# im in love all over again!!



## 6point0 goat (Aug 1, 2009)

just installed my spintech catback exhaust on my GTO yesterday. kinda frustrating to get some of the hangers and the bolts to comply, but boy was it worth the hassle!!!:lol: it sounds like a real car now!! i got the H-pipie cuz i wanted that deep tremble and noise. aside from the catback, i got a CIA and a diablosport programmer and i feel it was all worth it. anyways just thought i would share my thoughts on the system up here on the forum......so heres my verdict hahaha: ITS AN AWESOME SYSTEM!!!!!!

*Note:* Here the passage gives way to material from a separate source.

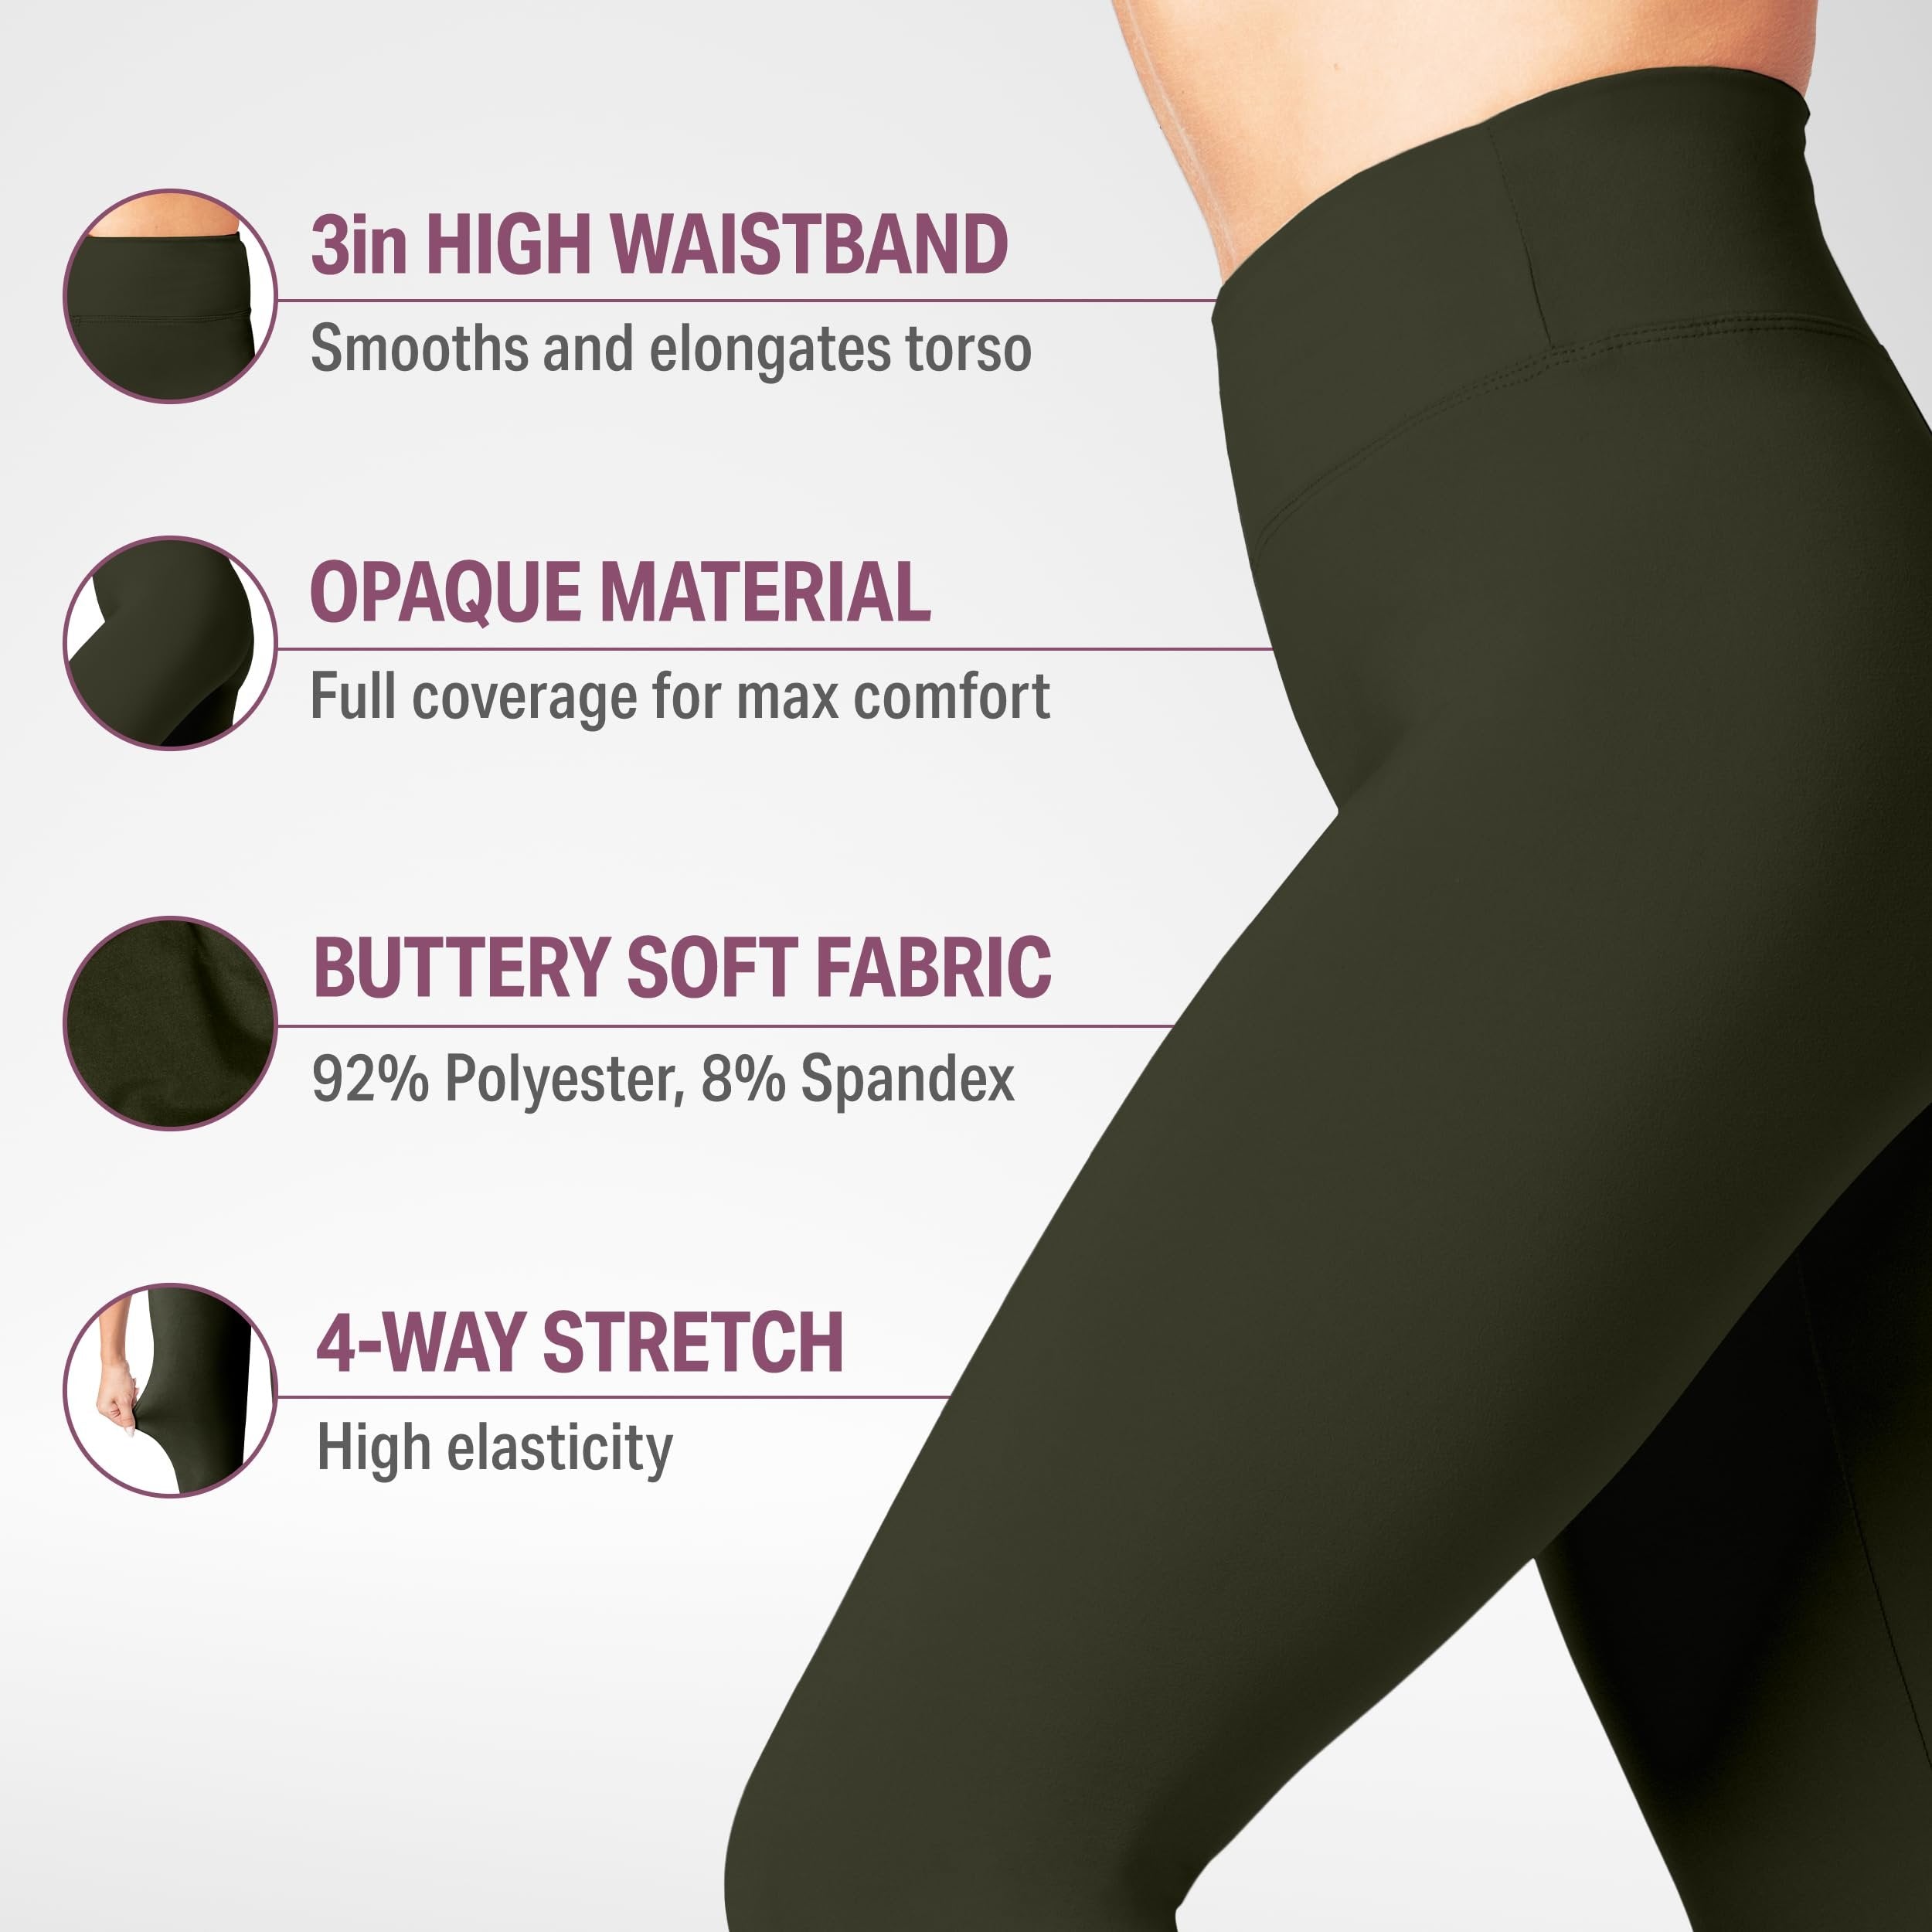 SATINA High Waisted Capri Leggings for Women - Capri Leggings for Women - High Waist for Tummy Control - Olive Capri Leggings for |3 Inch Waistband (One Size, Olive)

thanks to all that helped point me in the direction of the spintech cuz im love with the sound. thanx again guys


Neal


----------



## Aramz06 (Mar 2, 2008)

Sounds like you really are in love! 

I've heard the Spintech catback system in person before, and it is actually really loud for just a catback. Sounds really mean, and screams that its carrying a V8! Enjoy the system brother!


----------



## ricekiller848 (Oct 24, 2007)

video? Id like to hear it!!!


----------



## ROBSGTO (Jul 6, 2008)

Congrats,I love my Spintech. Wait until you get headers.............you'll have to change your underwear after every startup.lol


----------



## IrishTexan (Aug 25, 2009)

I want to hear this system!!


----------



## goat400 (Aug 18, 2009)

this is all good to hear. i've been debating which system i should get for my gto. now tht i hear this and i had my mind set on spintech thats what im going w/.


----------



## ROBSGTO (Jul 6, 2008)

goat400 said:


> this is all good to hear. i've been debating which system i should get for my gto. now tht i hear this and i had my mind set on spintech thats what im going w/.


You won't regret it,Spintech is the best sounding by far imo.


----------



## jpalamar (Jul 22, 2008)

Its amazing what a mod can do for your car. Now your screwed though, you started what can't be cured. THE MOD BUG>


----------



## goat400 (Aug 18, 2009)

:agree i got the mod bug for sure. got my dual gauge pod on order, ordering my exhaust soon, and a short throw shifter after tht! im hooked


----------